The British bank's exit means three of the top five banks in commodities have significantly reduced or shuttered their natural resource trading arms since last summer, with profits hit by regulatory demands for lenders to hold more capital to shield them against any problems.

Barclays said it would exit most of its base metals, energy and agricultural trading but will continue in precious metals, some oil and gas derivatives products and index products. The smaller business will be based on electronic execution, it said.

The fact that Barclays will continue to trade precious metals should come as no surprise to anyone, as all the big banks that are selling their commodities divisions are keeping their precious metal trading desks, as you can't rig prices on the Comex if don't control the trading activity---especially when their in collusion.  This Reuters story appeared on their website during the New York lunch hour yesterday---and I found it on the Internet site.

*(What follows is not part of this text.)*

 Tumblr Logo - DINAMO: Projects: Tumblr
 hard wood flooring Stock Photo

That Was Quick! Coins Commemorate Crimea-Russia 'Reunification'

A Russian factory has produced 25 palm-sized silver coins bearing President Vladimir Putin's face to commemorate Crimea's "reunification" with Russia, state media reported on Tuesday.

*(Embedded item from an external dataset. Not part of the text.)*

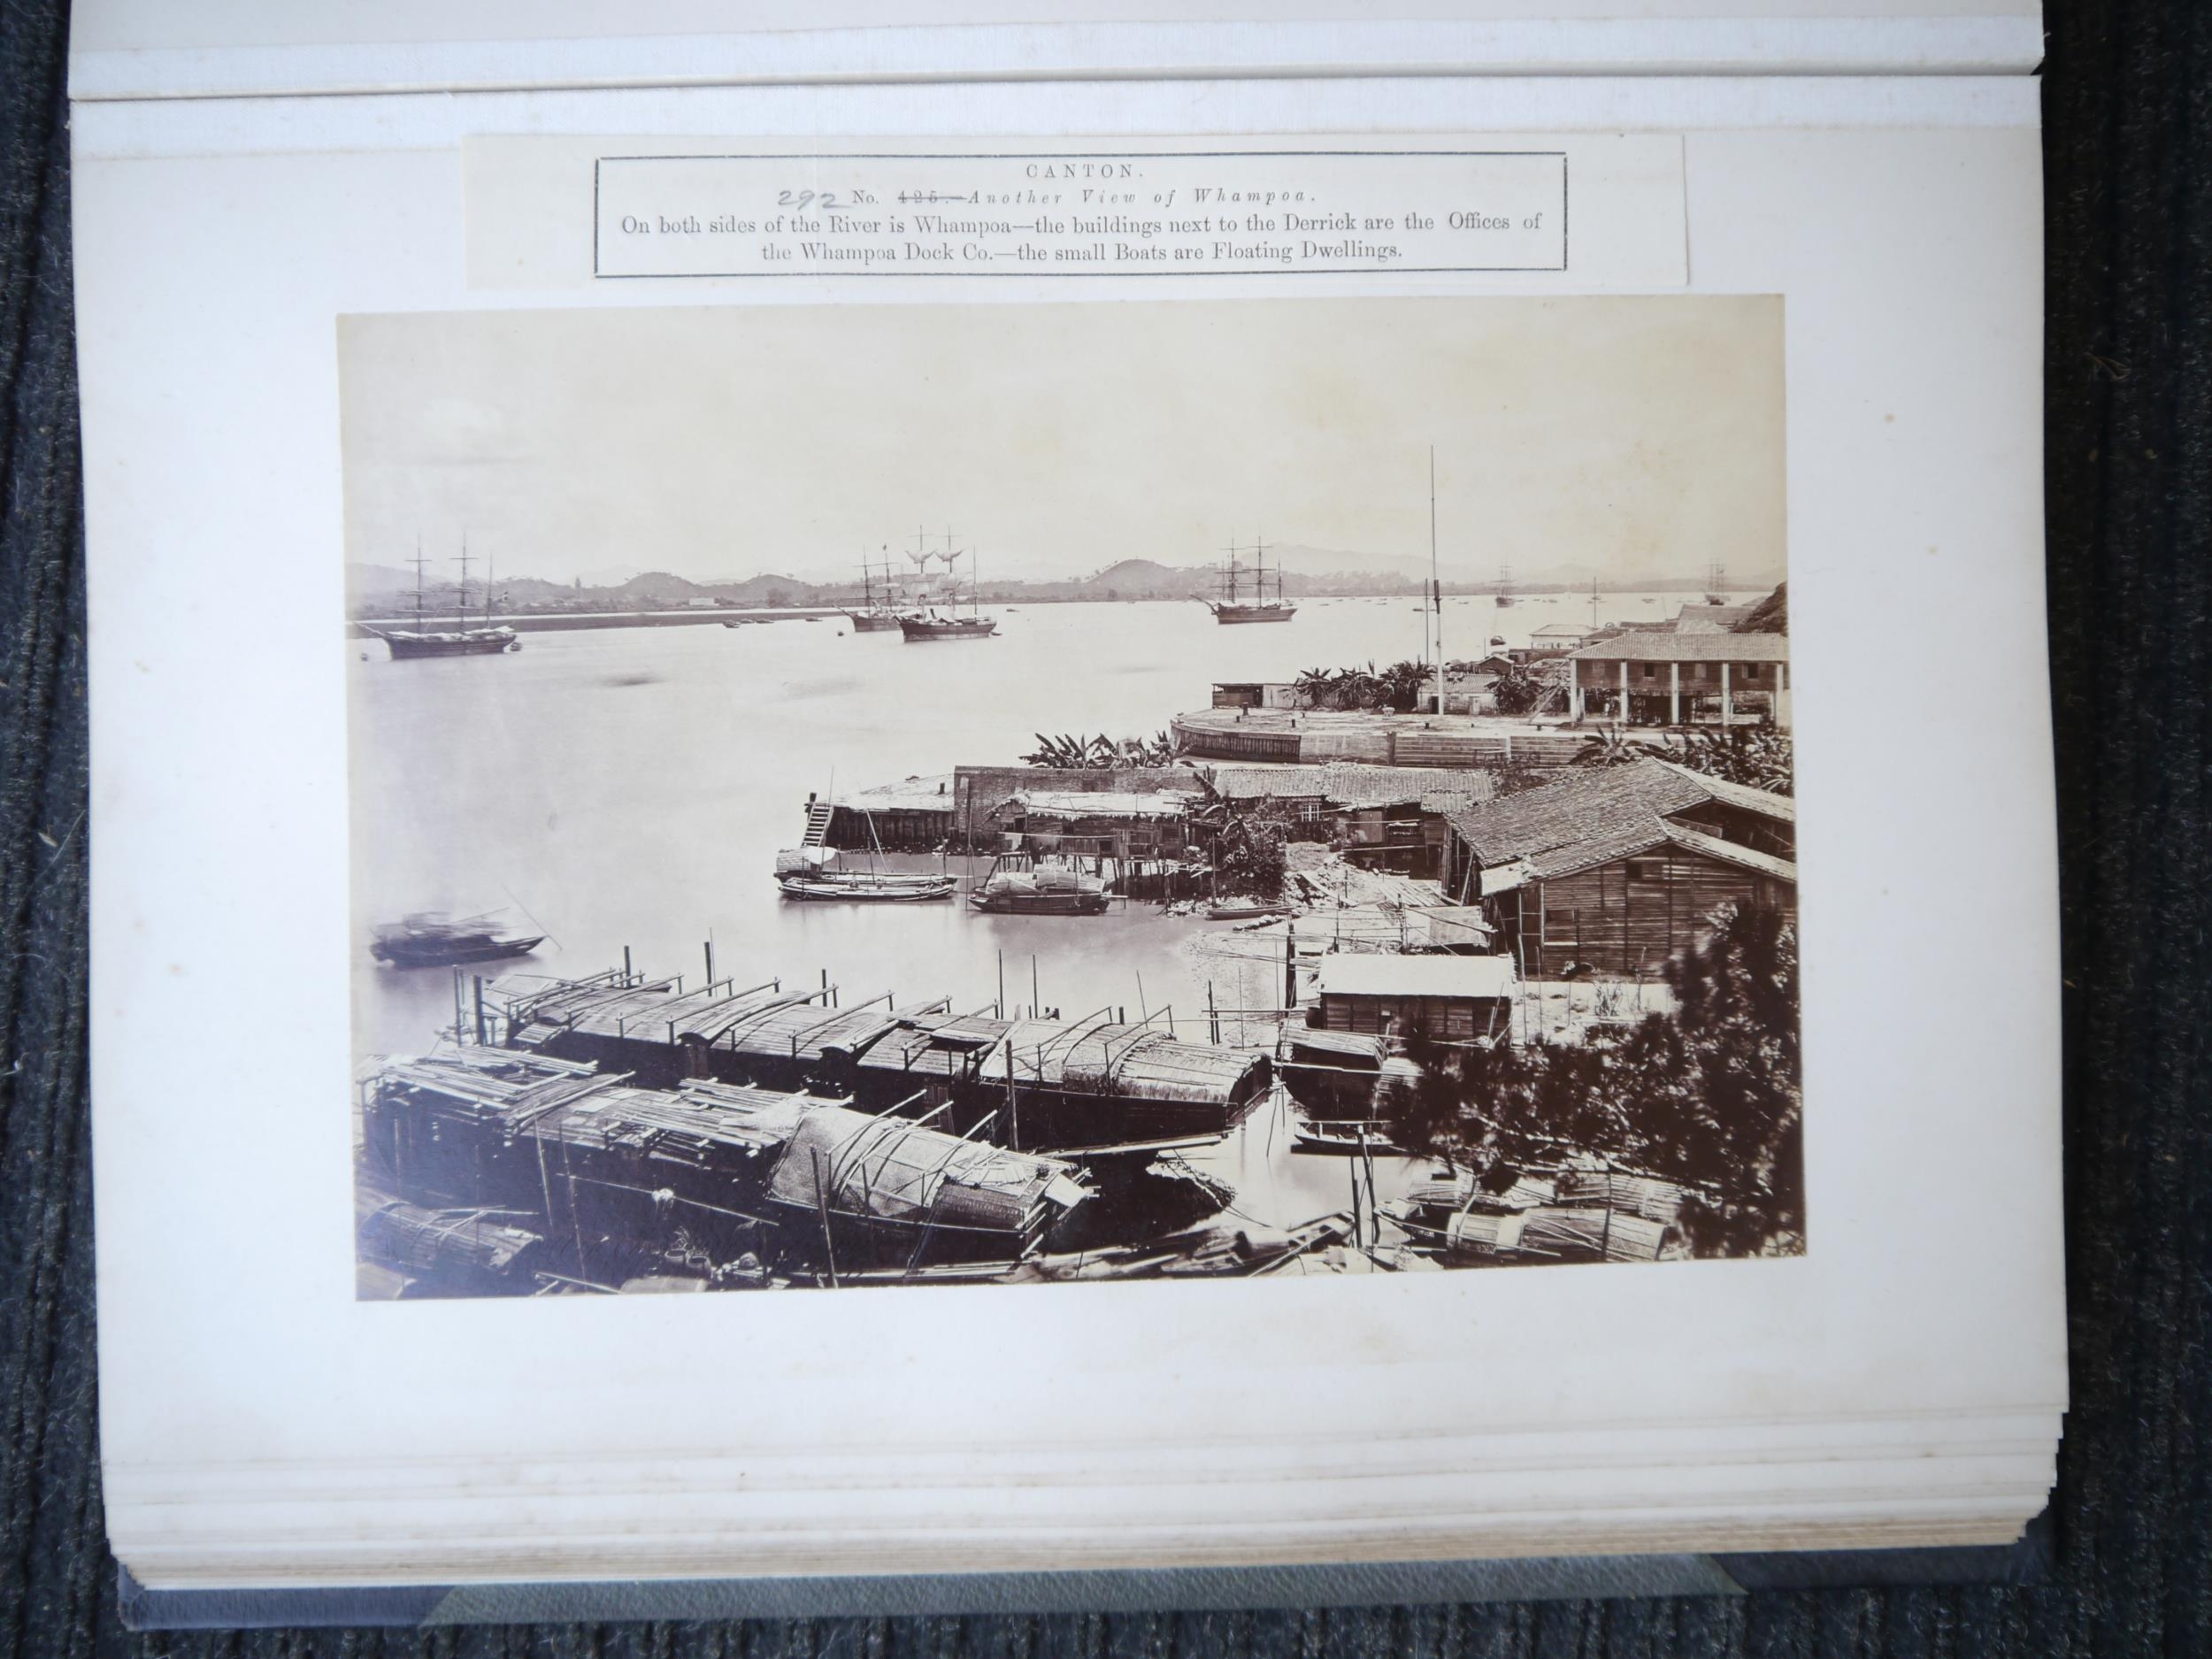 (Lai Afong, China, Canton, Hong Kong, Singapore, Asia.) Three large photograph albums containing

“Crimea's reunification with Russia was a historic event which we decided to embody in a souvenir collection of coins made of 925 grade silver,” said Vladimir Vasyukhinsaid, the director of the factory in Yekaterinburg, Russia, according to ITAR-TASS.

Each coin weighs about 2.2 lbs. [1 kilogram] and features Putin's portrait on one side and a map of Crimea on the other. The makers had not decided how much to charge for each, the news agency reported.

This news item showed up on the Internet site early yesterday morning EDT---and it's the final offering of the day from Elliot Simon, for which I thank him.


Sprott Money: Ask the Expert---Koos Jansen

This 21:08 minute audio interview with Koos was posted on their Internet site yesterday.  There's also a transcript coming, but it won't be posted until today sometime.  I haven't had the time to listen to this Q&A session as of yet, but will read the transcript later today.


Goldman Sachs Upgrades Gold/Silver Stocks to Neutral; Barrick Upped to Buy

Goldman Sachs is becoming more constructive on gold and silver equities and as a results is raising their coverage view to Neutral.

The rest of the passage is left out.